There were all kinds of darknesses between the gnarled tree trunks, and the tricksters hiding under a blanket of moss that covered the forest bed. I always had the feeling that i was a little girl in a H.C Andersen fairytale. The gloom of his depresses and the depth of his fantastical visions ever present in the Danish countryside that i grew up in. Life had lessons for me even then, and the innocence was always laced in a dim light of frightening events.
All my life i’ve believed in the legends of norse mythology.
Trolls eating rocks and all the bad little children. Having a house nisse to keep your home safe and Thor hammering mjölnir into the sky when he’s angry.
After all these years im glad those childish beliefs and thoughts have never left me.
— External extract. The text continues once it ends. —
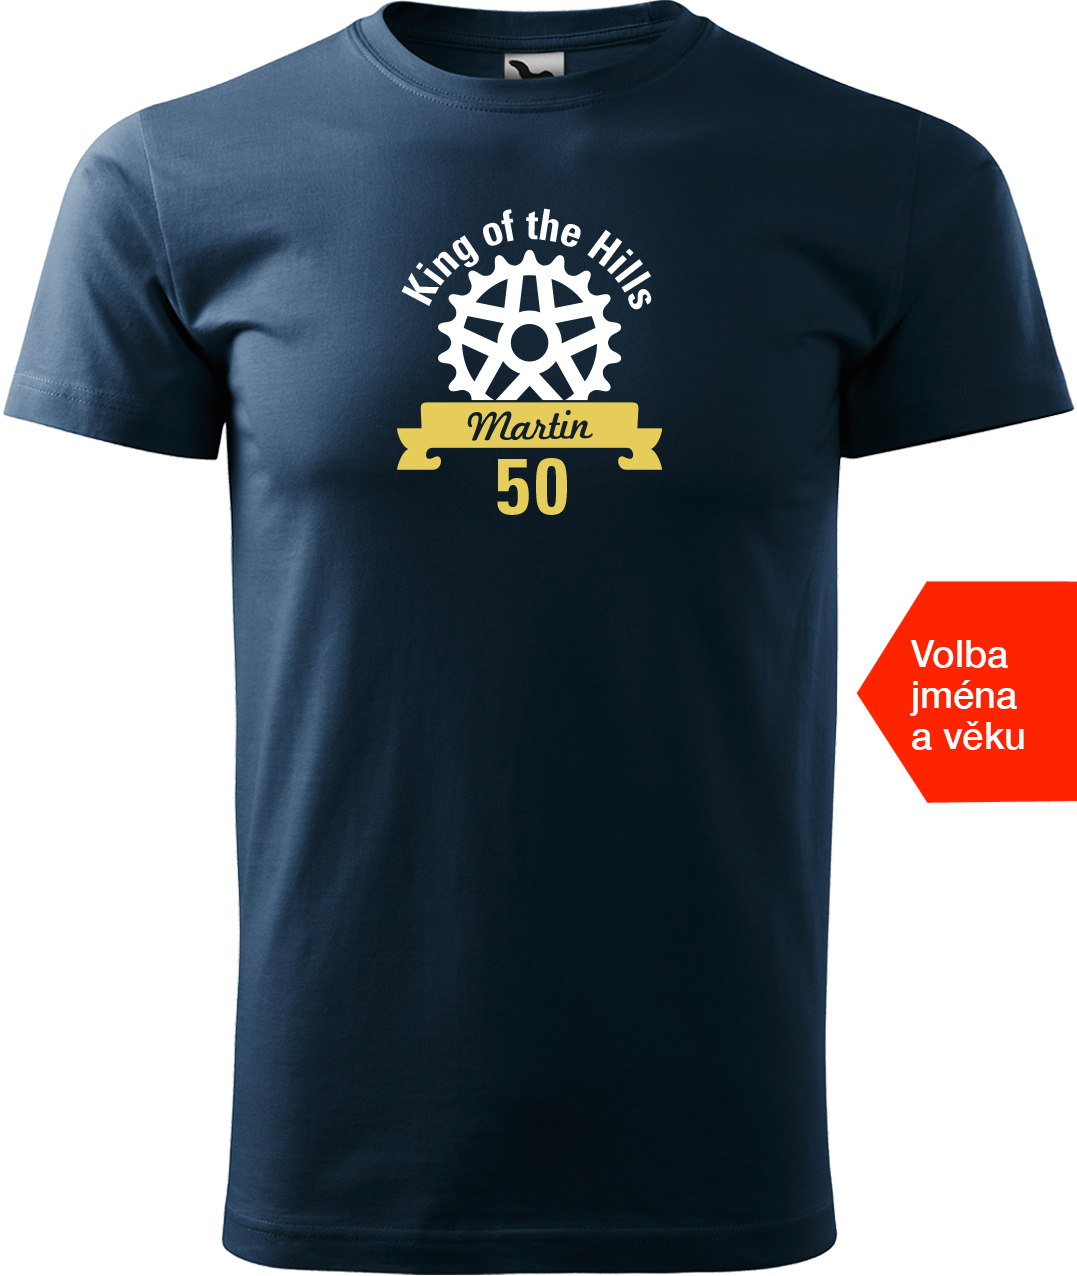 Pánské tričko pro cyklistu se jménem - King of the Hills Velikost: S, Barva: Námořní modrá (02)
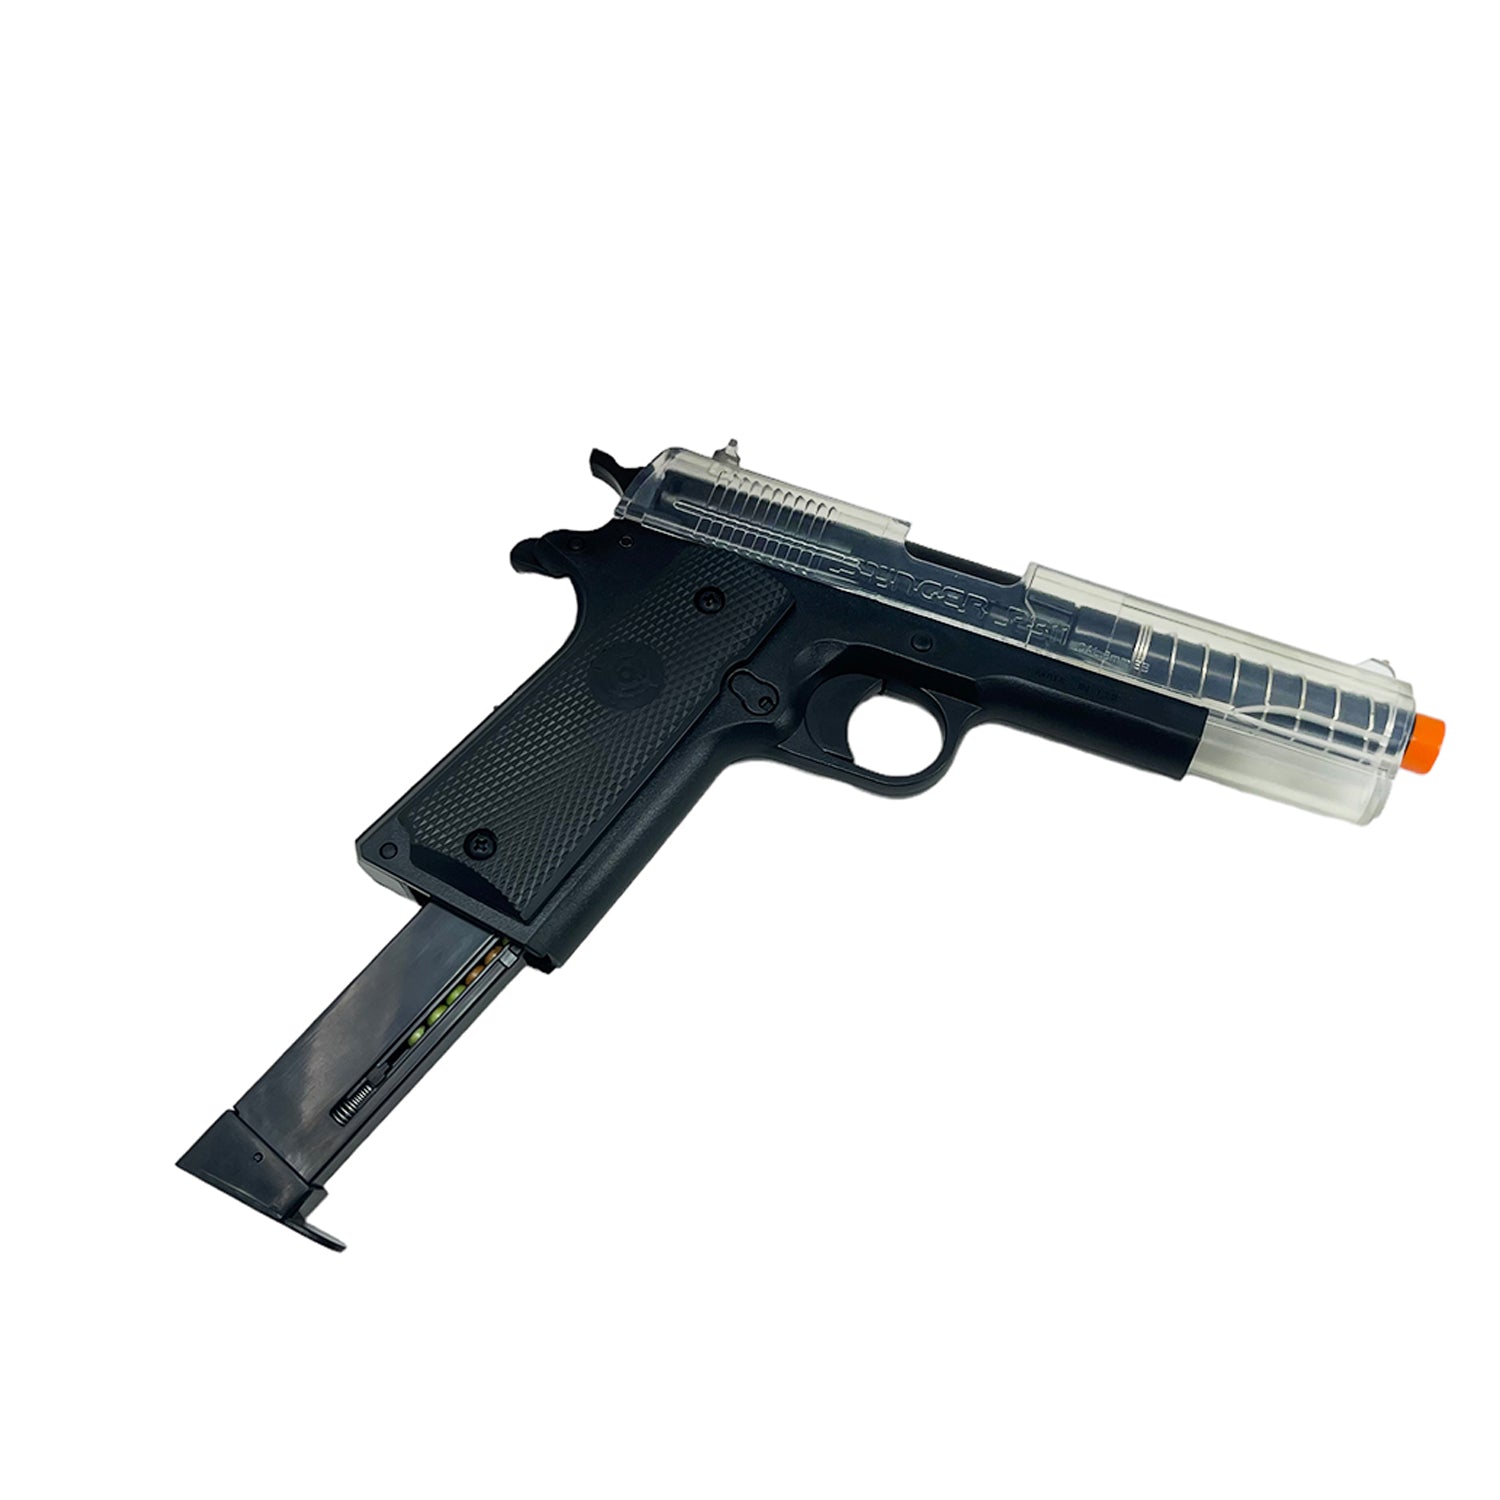 Pistolas en Kit modelo Stinger ™ Challenge

Still now, as i wander through the thicket of a forest and climb the crumpled stones — i think of those mountain kings, the big nosed trolls and the bad witches. I wonder what they’re doing and if they are with me on turtle island — or if they keep to the nordic scapes alone.
I wonder if i ran into a troll if he would speak in tongues.
In truth i contemplate if i am a viking alone on a vast continent of settlers, and thats all there is to it. I have no kinship and no ancestors here, but i believe that thor still pisses through the clouds when hes drunk — and that odin still watches over me when times are tough.
I am so thankful for my heritage, my history and where i come from.
An old country kid from danish farm country, blood of the vikings and ravens as my guardian angels.
This blog post is nothing special — just random ramblings to clear my mind.